* _What to produce_: Please transcribe the listing below in full, exactly as written, leaving out its pictures.

* _Data below_:

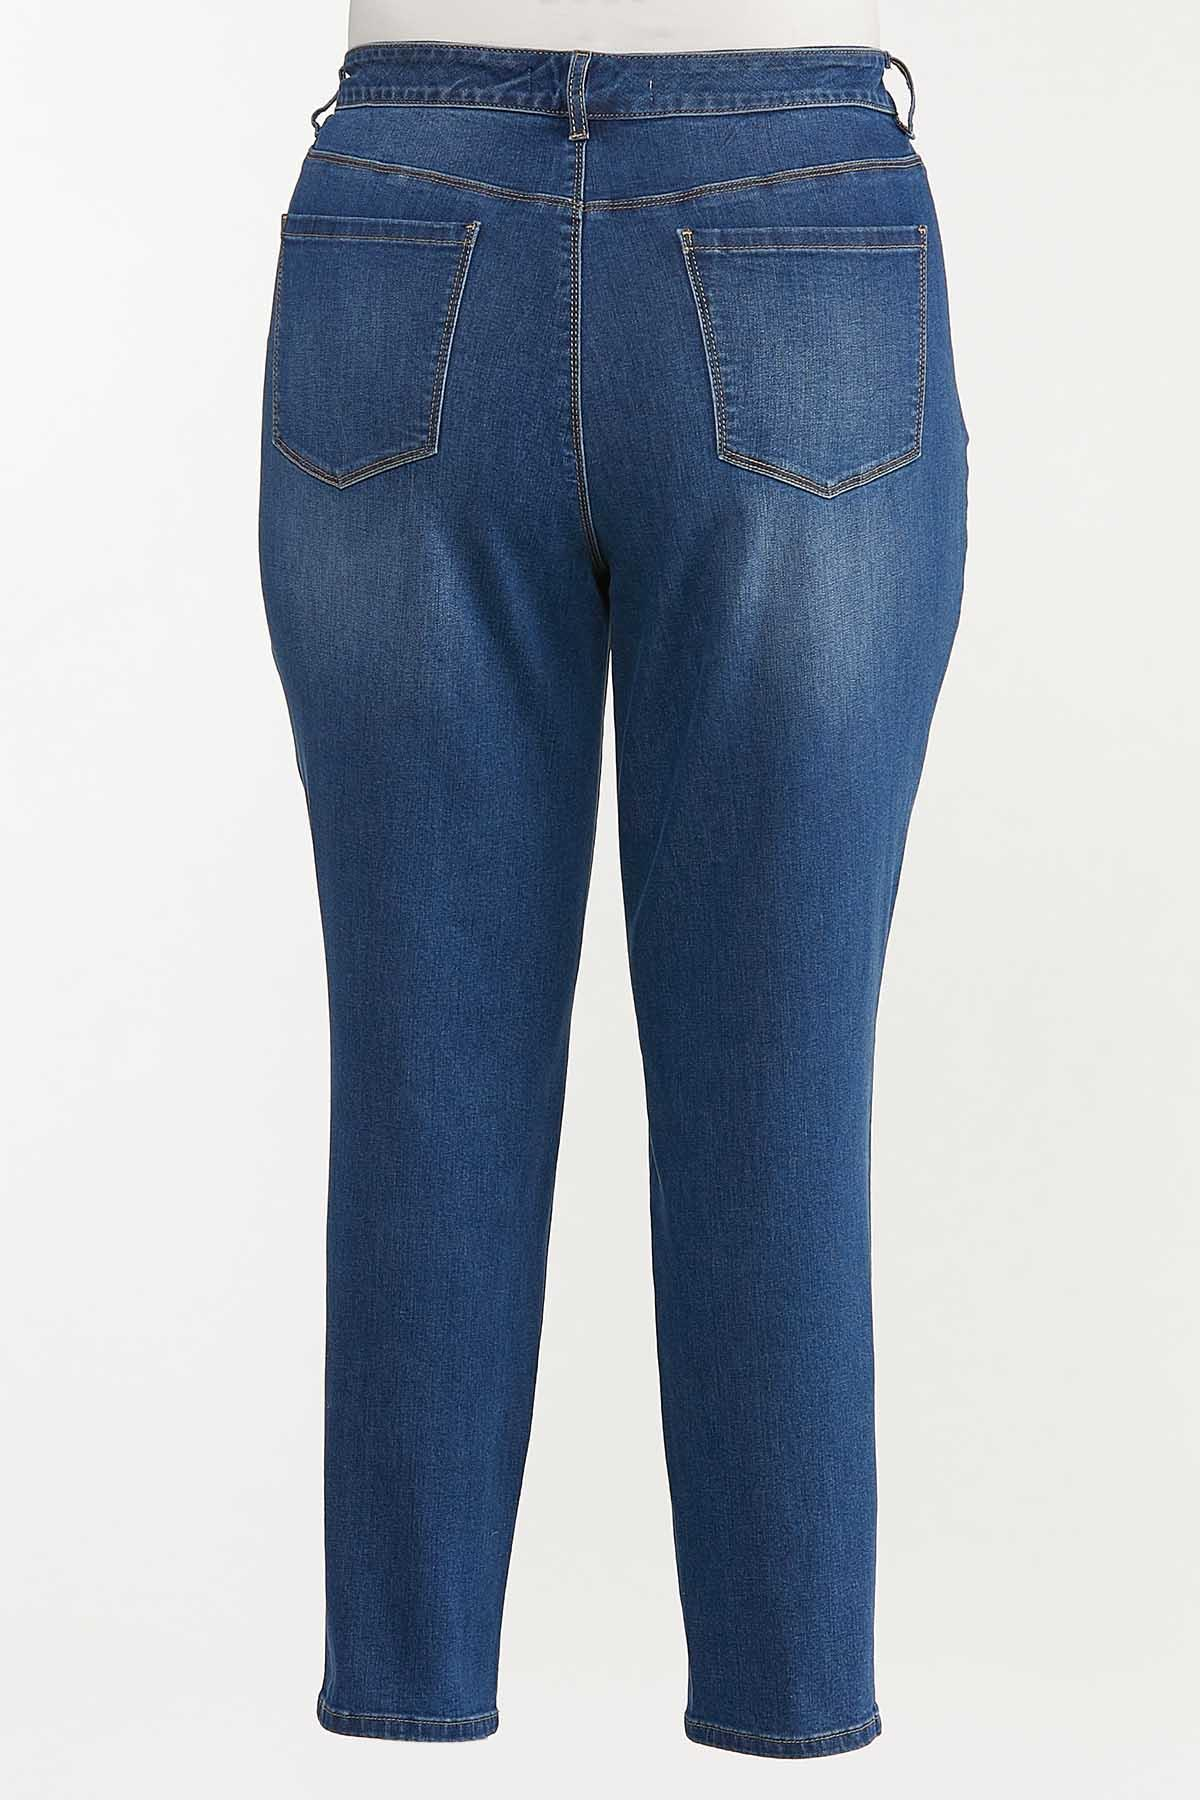 Plus Size High-Rise Medium Wash Skinny Jeans (Item #44606652)
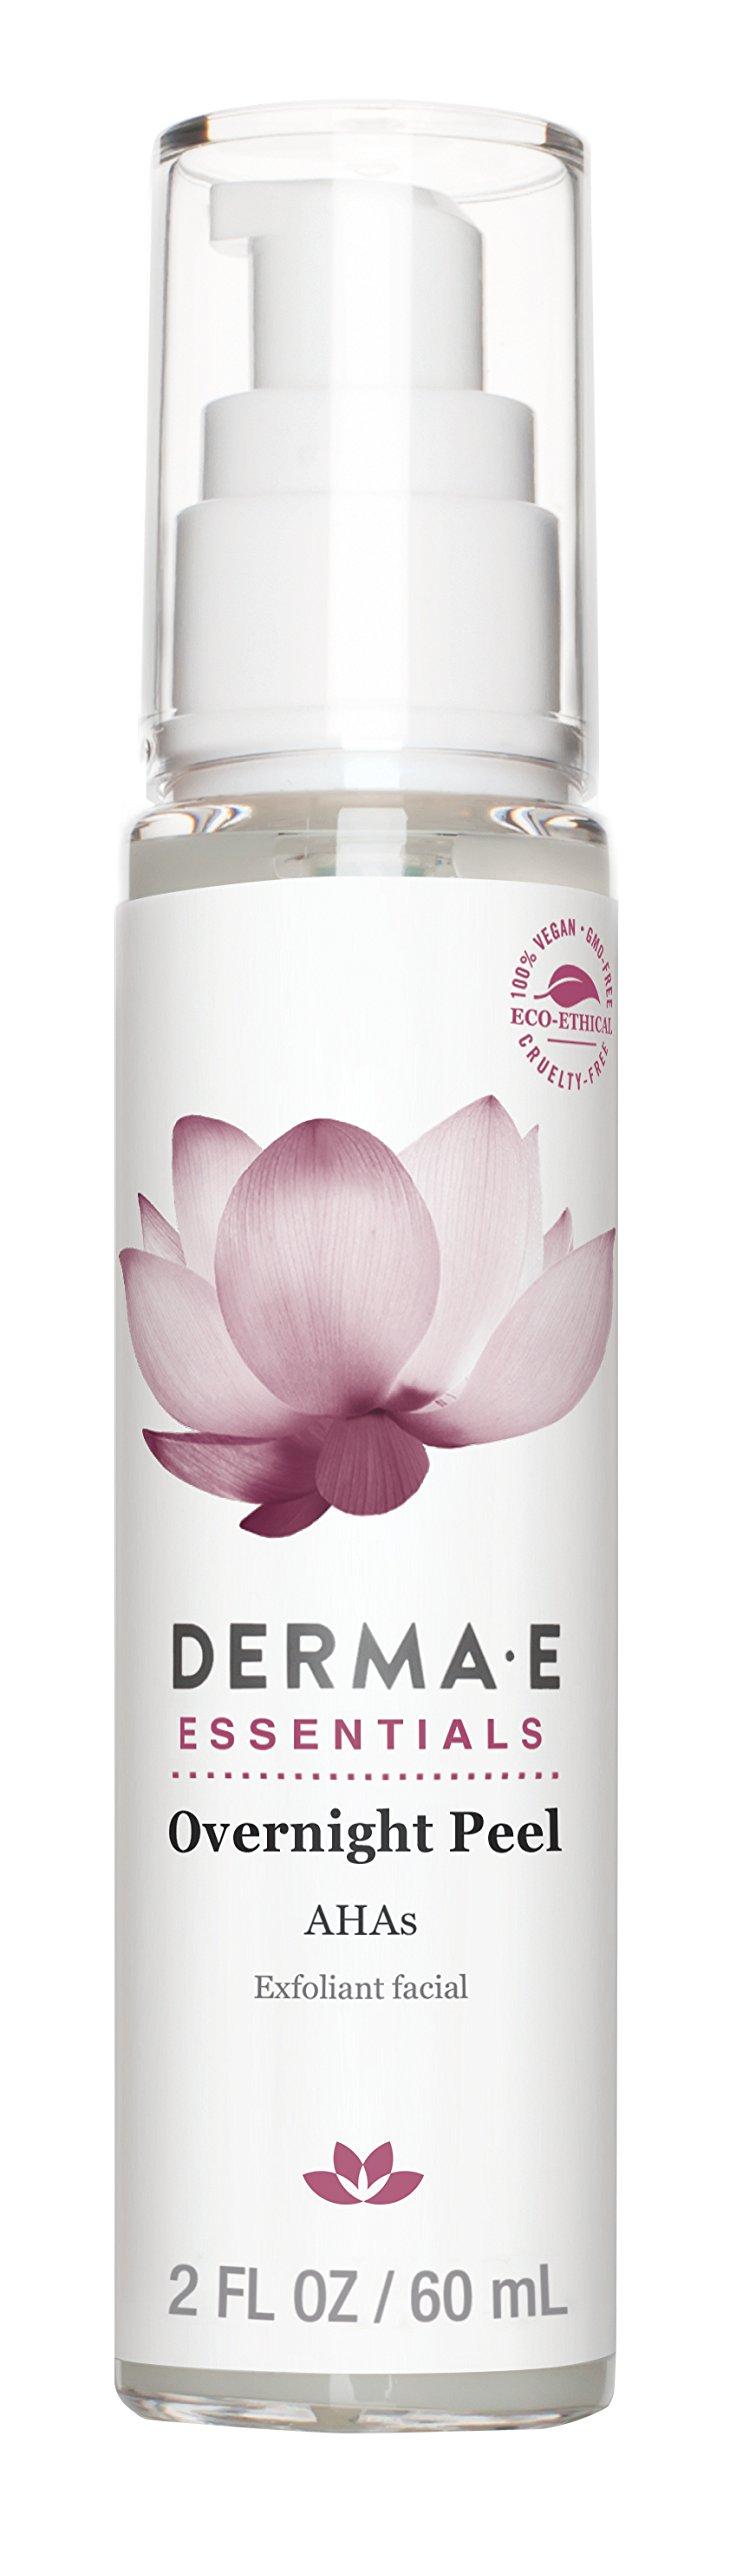 DERMA E Overnight Peel with Alpha Hydroxy Acids 2oz by DERMA-E (Image #2)
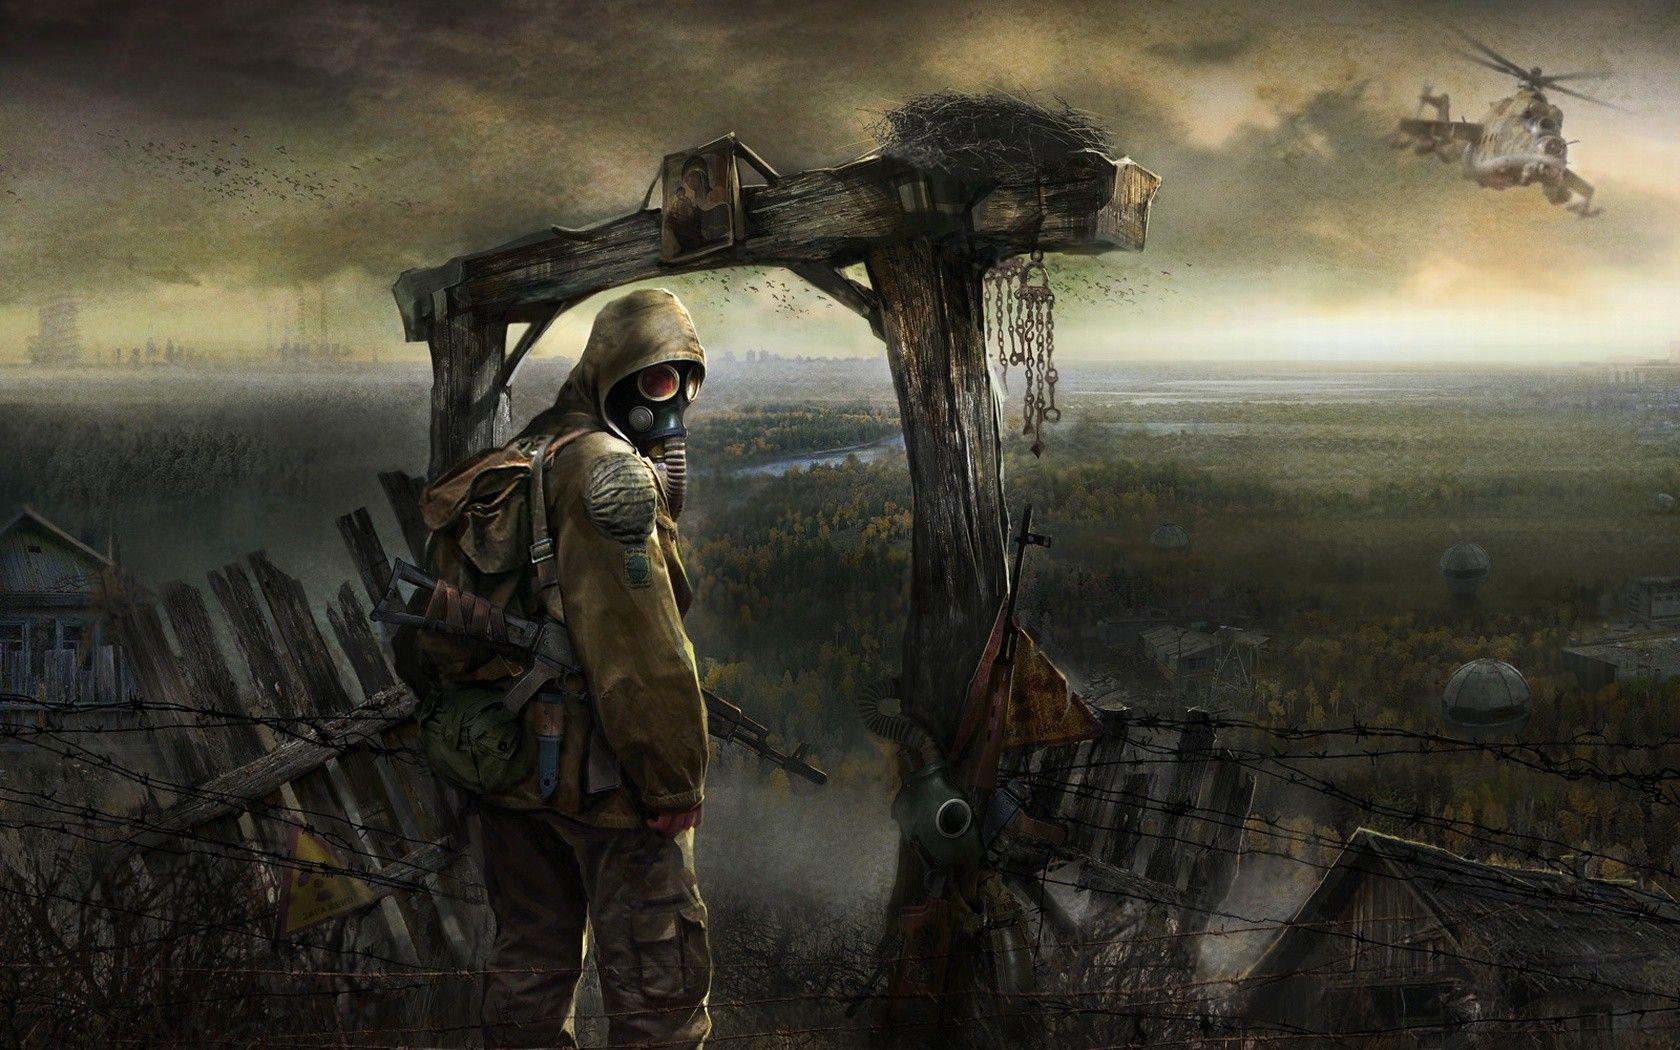 apocalyptic, video games, Ukraine, artwork, gas masks
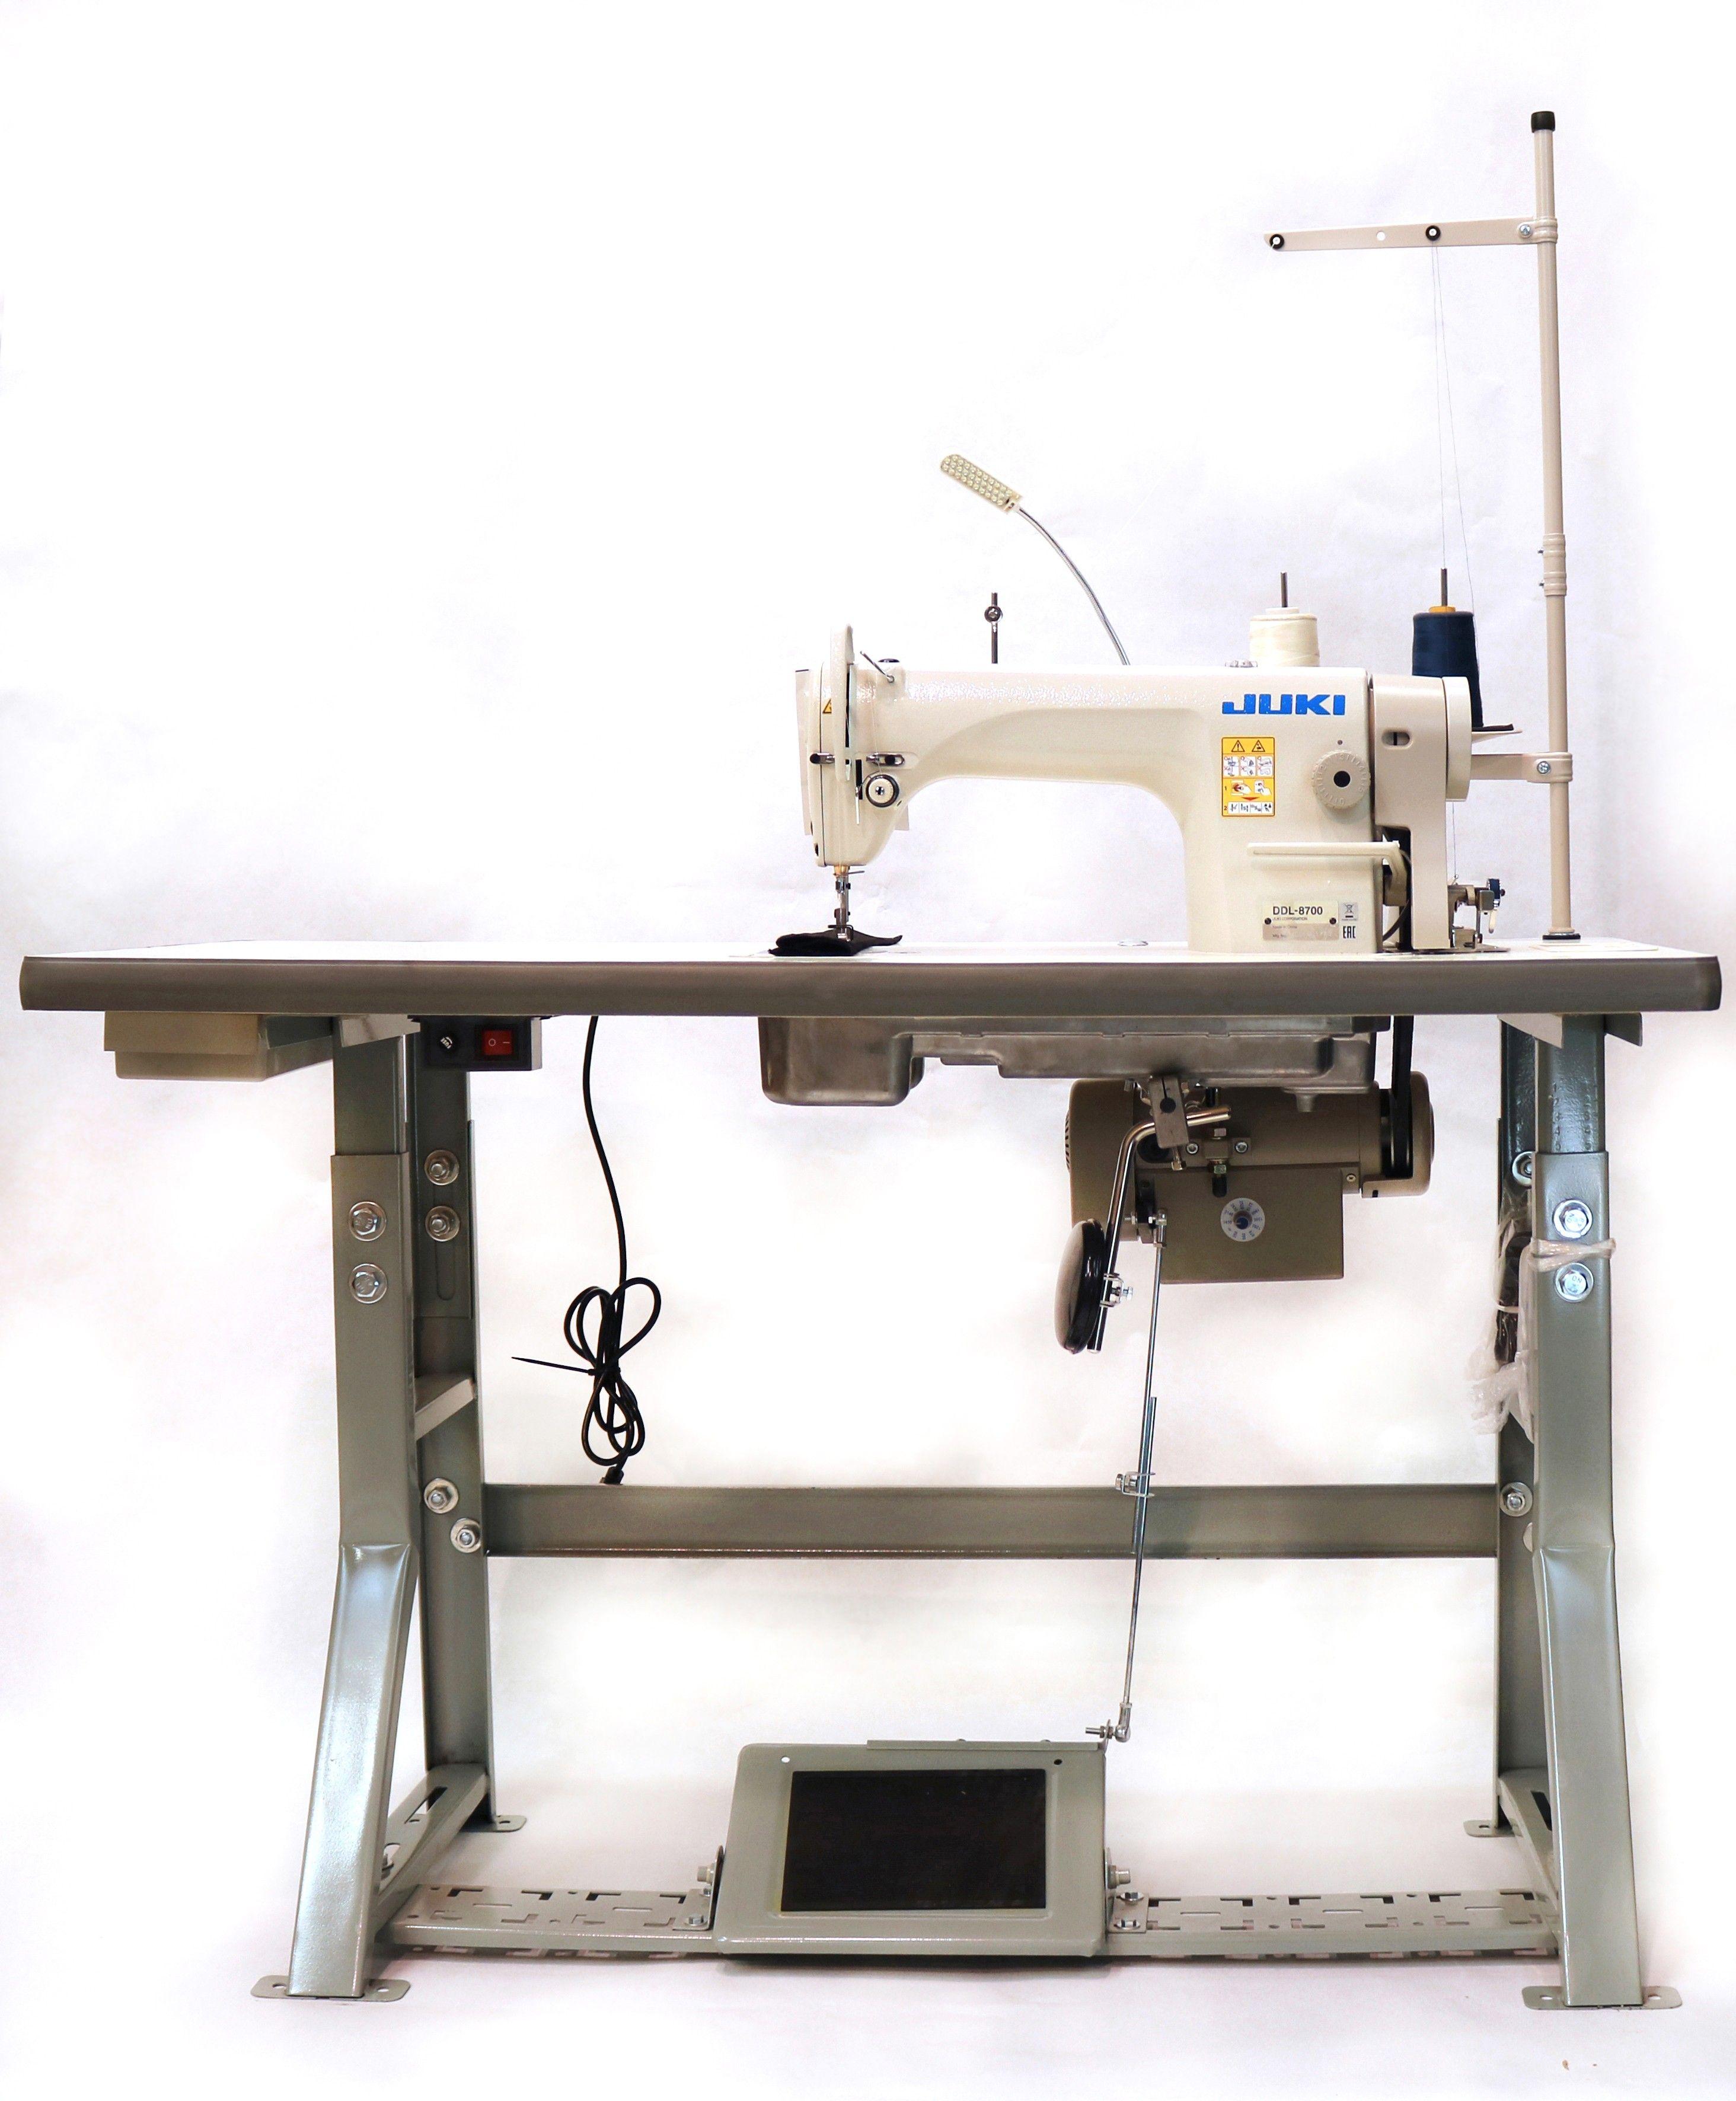 Juki Ddl 8700 High Speed Single Needle Straight Lockstitch

* _Answer space_:
 Plus Size High-Rise Medium Wash Skinny Jeans (Item #44606652)
 DERMA E Overnight Peel with Alpha Hydroxy Acids 2oz by DERMA-E (Image #2)
 apocalyptic, video games, Ukraine, artwork, gas masks
 Juki Ddl 8700 High Speed Single Needle Straight Lockstitch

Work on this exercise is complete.